# Geoff Streames



## Moulder (Aug 19, 2006)

Would anyone know the whereabouts of Geoff Streames. Ex R.N. then trained at British School of Telegraphy (renamed London Electronics College) in Penywern Road - Earls Court in 1970-71. Think he went to sea with Zim Line?

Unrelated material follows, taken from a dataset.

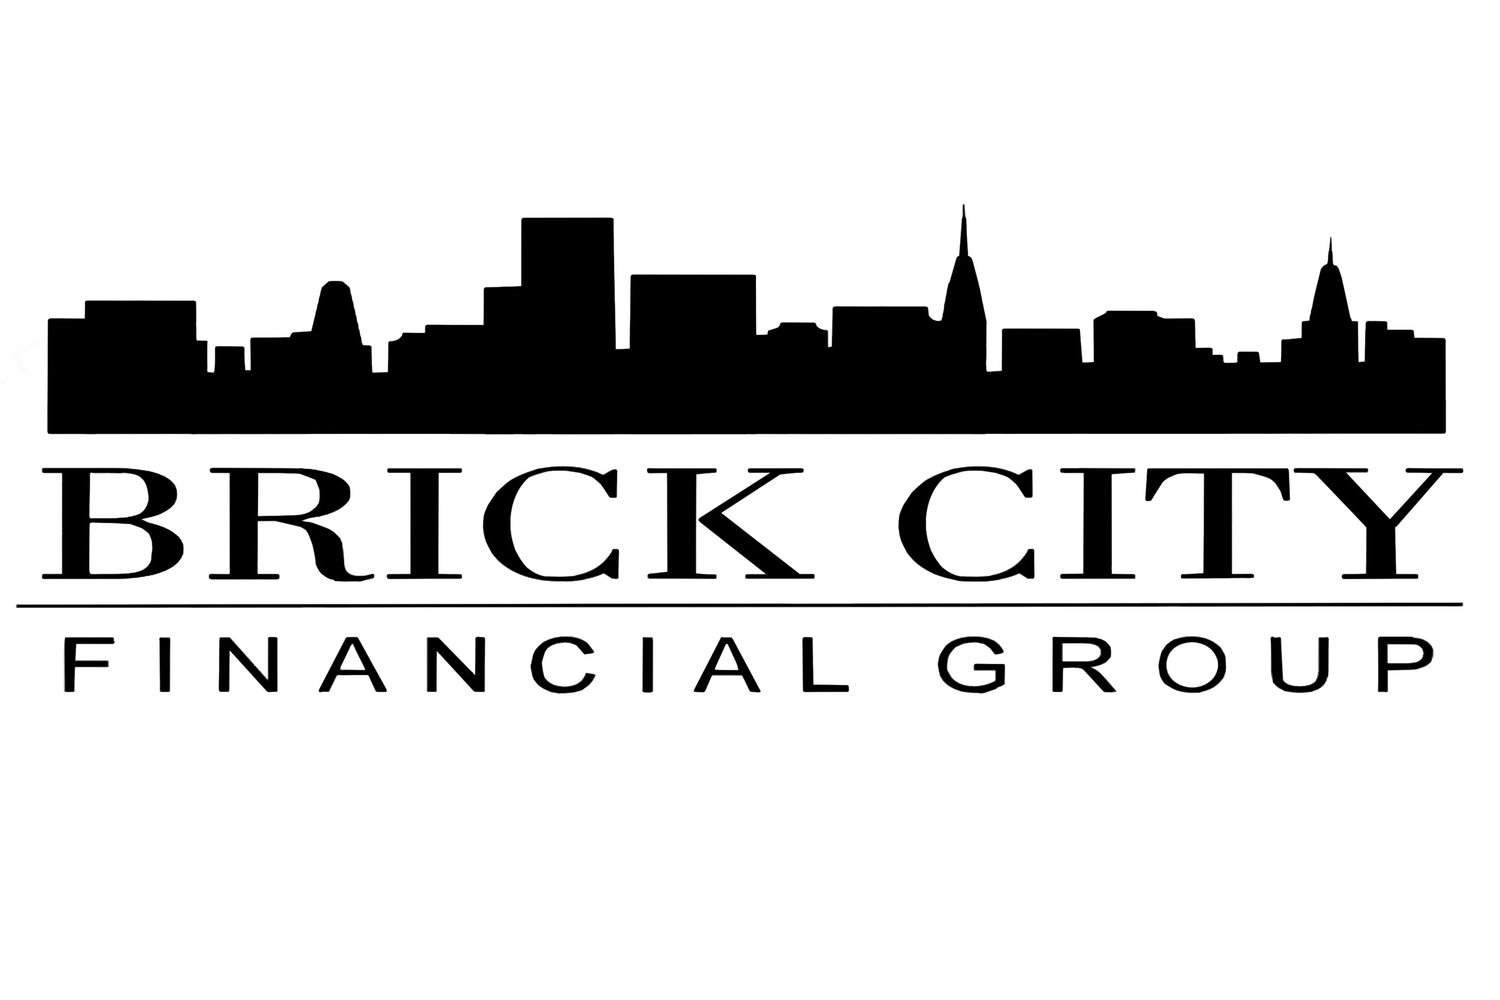 BRICK CITY FINANCIAL GROUP

He used to live in Barking.

Grateful for any info.

73s for 07.

Steve.


----------



## tam fairweather (Sep 22, 2009)

*Geoffrey Streames*

There is a Geoffery Streames working as a radio op on the Stena Tay drilling rig in Nigeria,i see from ther crewlist that he has just left four his four weeks leave,he lives iun the Philipines.
If its the same one ,he was ex RN and will be in his 60s.
I will send him your details when he gets back.
Cheers Tam Fairweather


----------



## Moulder (Aug 19, 2006)

Hi Tam,

Many thanks for the post and info - this could be him. Would appreciate it very much if you could manage to get us in contact - look forward to a future post from you or a PM.

Thanks again,

Steve.
(Thumb)


----------



## Moulder (Aug 19, 2006)

The lead given by Tam was a good one - am now in contact with Geoff after 42 odd years.

This site never ceases to amaze me - brilliant.

(Thumb)


----------



## Steven Lamb (Apr 18, 2009)

Hello Matey
I've worked with him out in the North Sea albeit some time ago. (1999)
Think he resides in Aberdeen. His brother Gordon is literally 5nm away on a rig nearby.
Cheers
rgds
Steve


----------



## Moulder (Aug 19, 2006)

Hi Steve,
Don't think he resides in Aberdeen now. Have now managed to get in contact with the chap I was looking for.

Cheers,

Steve.
(Thumb)


----------